If I gave you the disturbance record too, you would quickly find
that the disturbance correlated very highly with handle
positions, and would conclude that the disturbance was the real
stimulus. The correlation of the cursor position with handle
position would be much lower, so the cursor would be judged to
contribute little to the variance.

And there's one final aspect of the behaviorist approach that you
put in but no conventional behavioral scientist would. I
presented a data set. The conventional approach would be to look
for a relationship between them -- not point by point, over time,
but as a complete data set. The result of the analysis would be a
correlation, a regression equation, and a statement of the
standard deviation. The thought of using these results to predict
the point-by-point handle positions in a new experiment simply
would not occur to a conventional behavioral scientist.

I will be extremely interested to see what you decide to use
for C, without knowing what the disturbance is.

How about H = K * integral(C - T)?

But C is not known until H and D are known, is it? And you can't
know H until you know the pattern of disturbances, can you?
You're expressing H as a dependent variable. What it depends on,
the independent variables, are T and C. In order to make a
prediction using the above model only, you would have to specify
the variations in C and T first.

If you include the equations for the experimental setup, C = H +
D, your equation plus this one constitute the equations for a
control system. In the solution of these equations, you find that
both C and H depend on the disturbance (and the omitted reference
signal, here assumed 0). You can't specify C in advance.
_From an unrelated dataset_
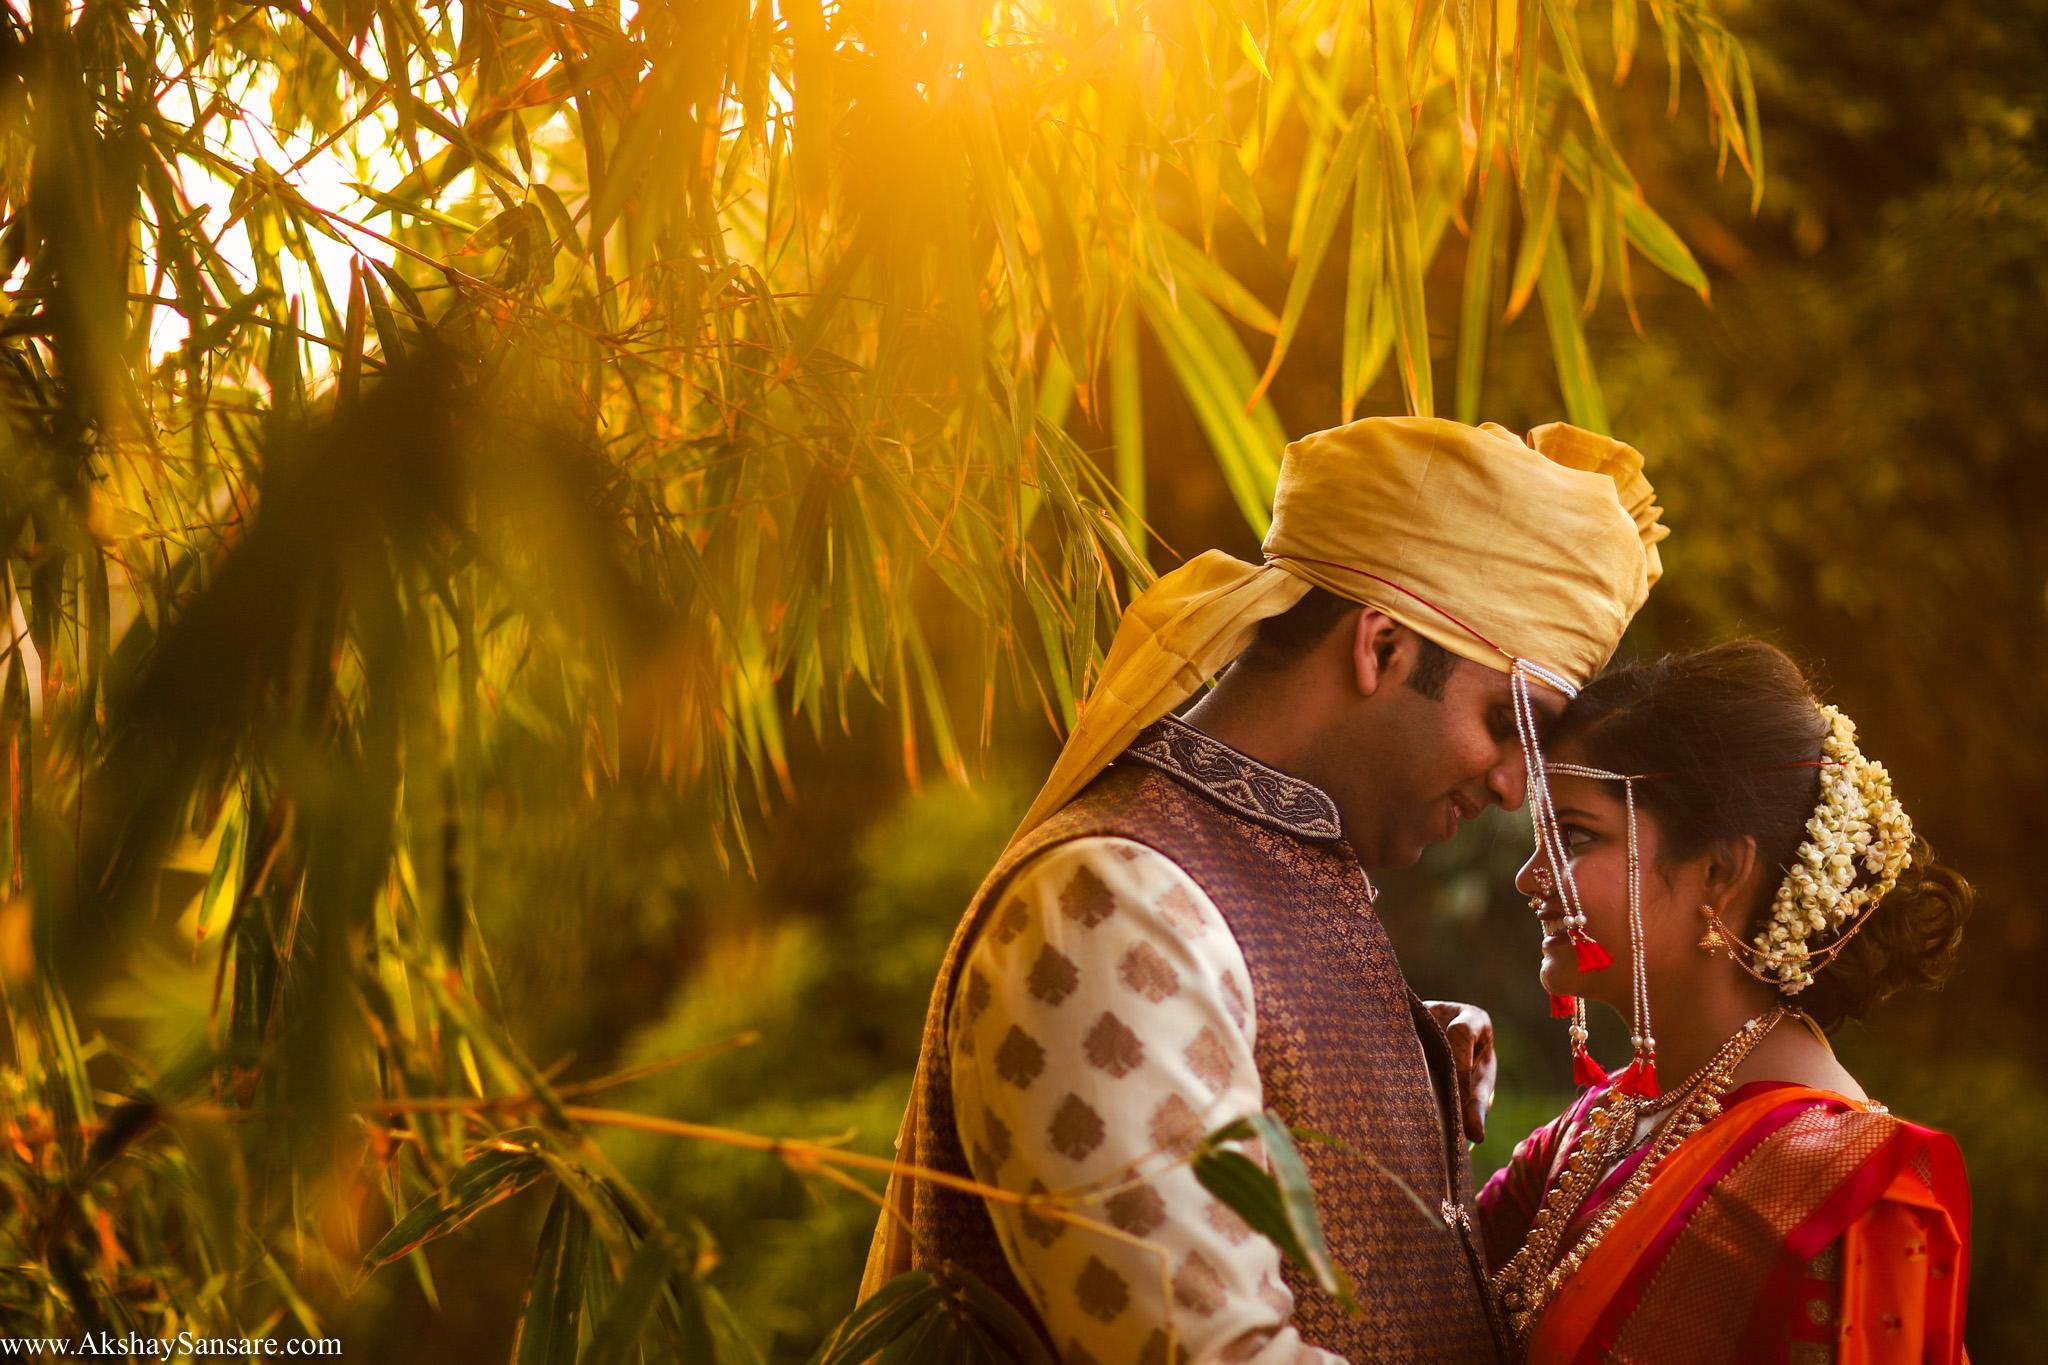 Salil x Kimaya Akshay Sansare Photography Candid wedding Photographer in mumbai best(39).jpg

So this
is not an S-R model. You can't manipulate S.

So I really don't see how you are going to handle this as an S-R
system instead of as a control system.

... maybe your model is already "noise"-limited. If so, then
adding a noise term should improve prediction of cursor

No, it will make the fit worse. You will never do better with a
noisy model than with a noiseless one. Noise adds in quadrature.

Then the argument is over interpretation of models, not over
the models themselves. The behaviorist will happily use your
(or a better predicting) closed-loop model (perhaps with a
descriptive statistical term to model "noise") and call it an
input-output/descriptive/functional relationship "model." And
you will yell "Foul!"

No, the behaviorist will hell "Foul!" when I point out that the
so-called stimulus is not an independent variable.

Bill P.